◆ Exercise: Excluding pictures, transcribe precisely the lines from the one containing "EUROLITE Impostare PAR-16" to the final line of the listing below, inclusive, and nothing more.

◆ Supplied information:
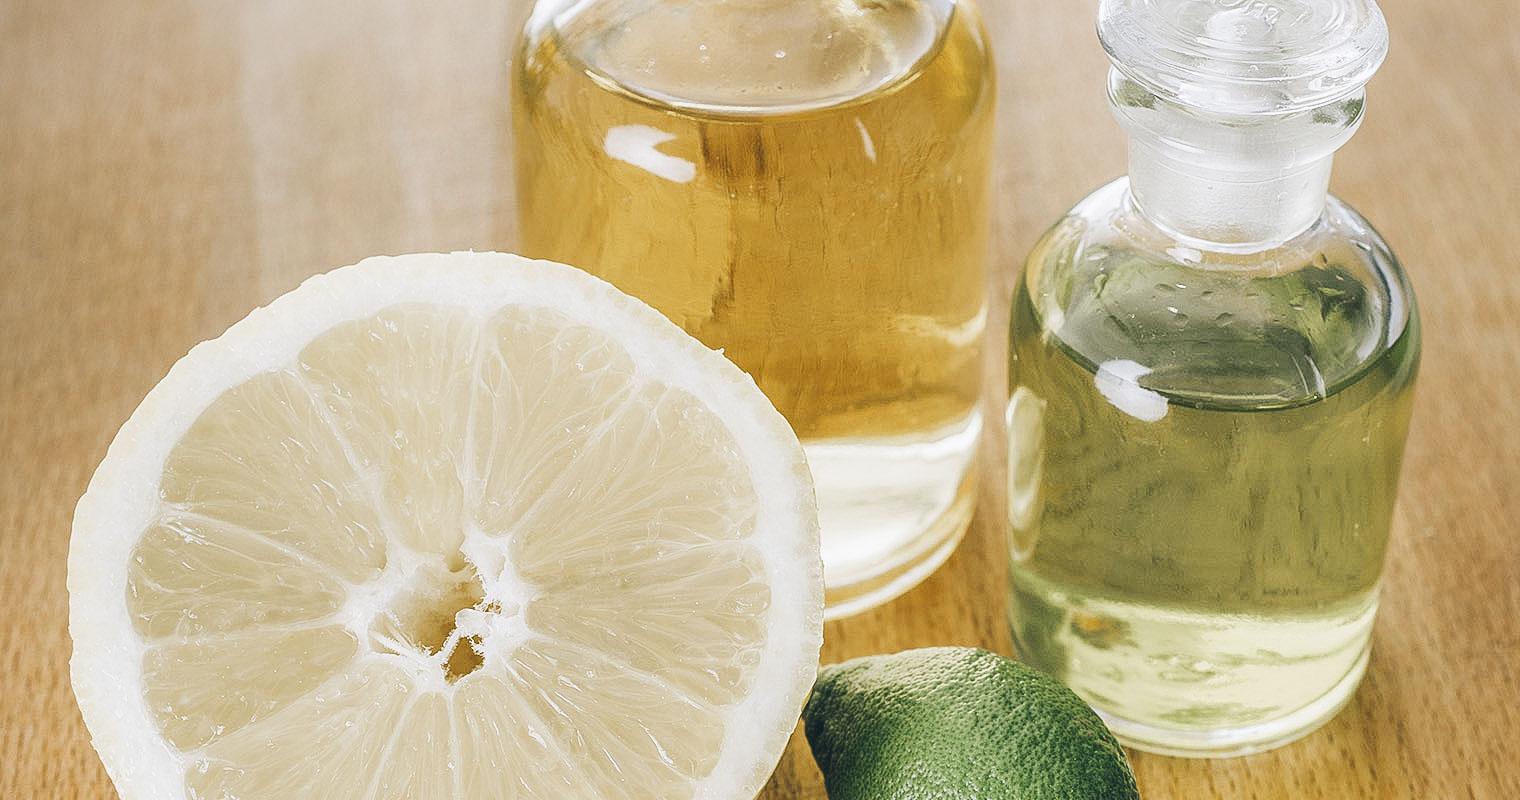 Cut open Lemon with bottle of Lemon juice and Lemon essential oil
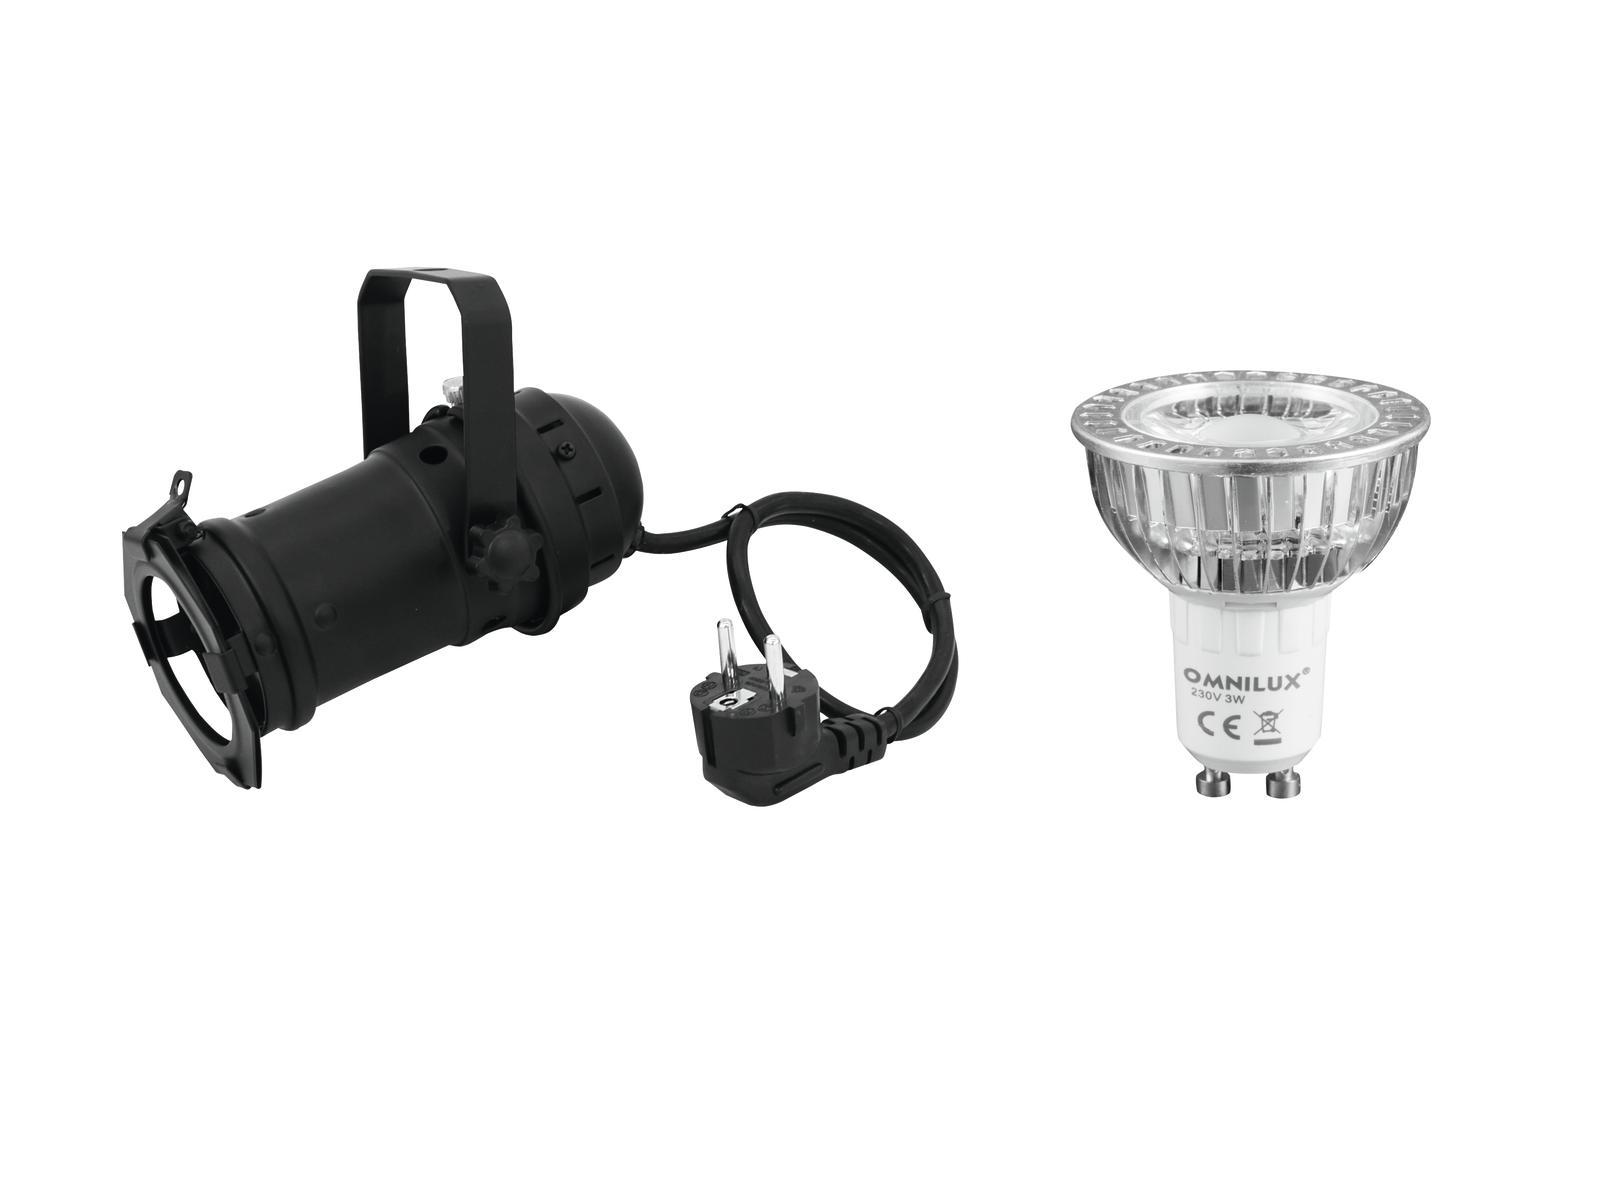 EUROLITE Impostare PAR-16 Spot bk + GU-10 230V COB 1x3W LED 2700K
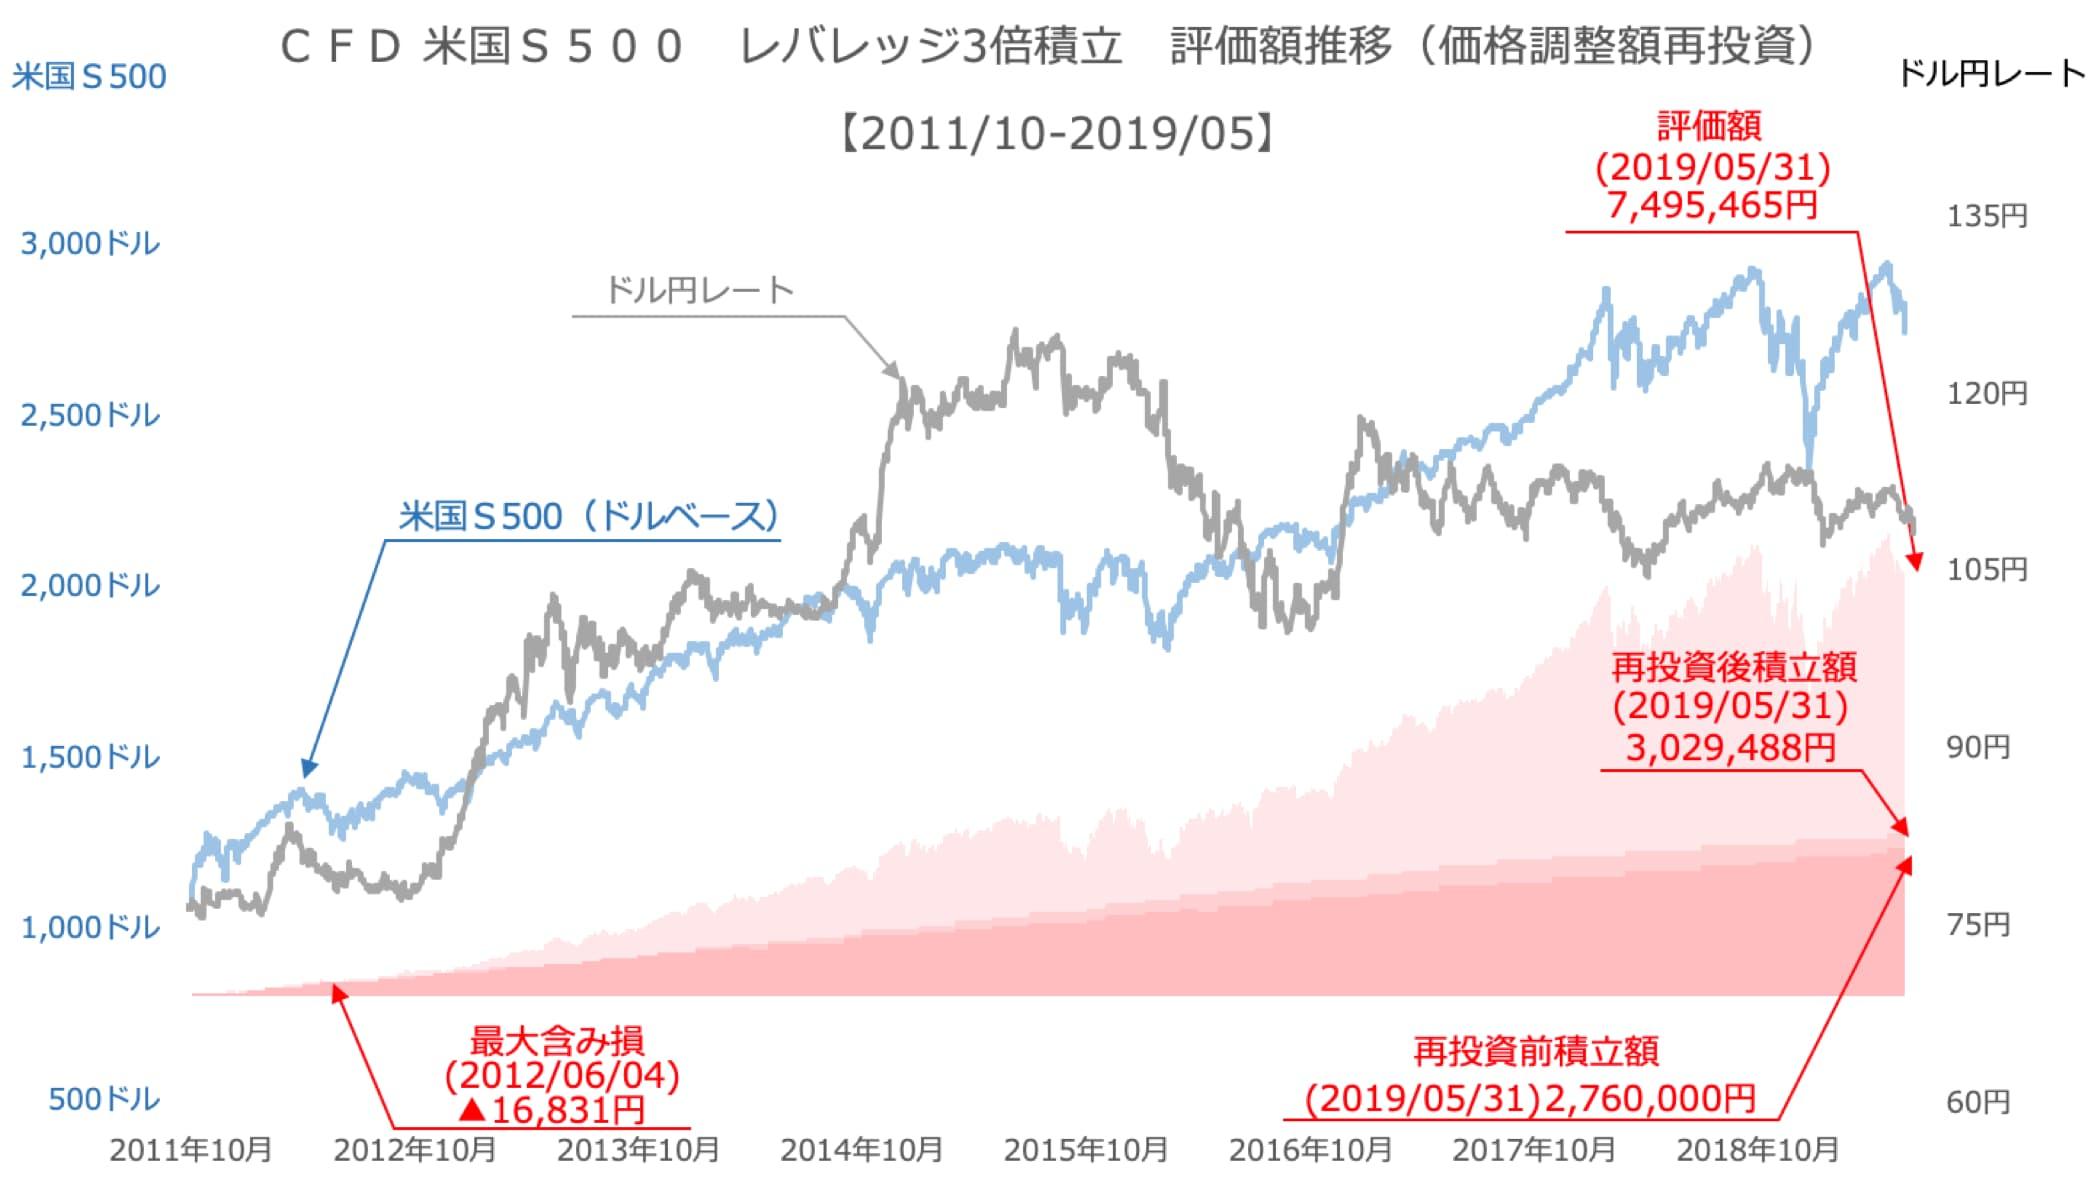 S&P500に3万円ずつ積立投資していたら

◆ Answer below:
 EUROLITE Impostare PAR-16 Spot bk + GU-10 230V COB 1x3W LED 2700K
 S&P500に3万円ずつ積立投資していたら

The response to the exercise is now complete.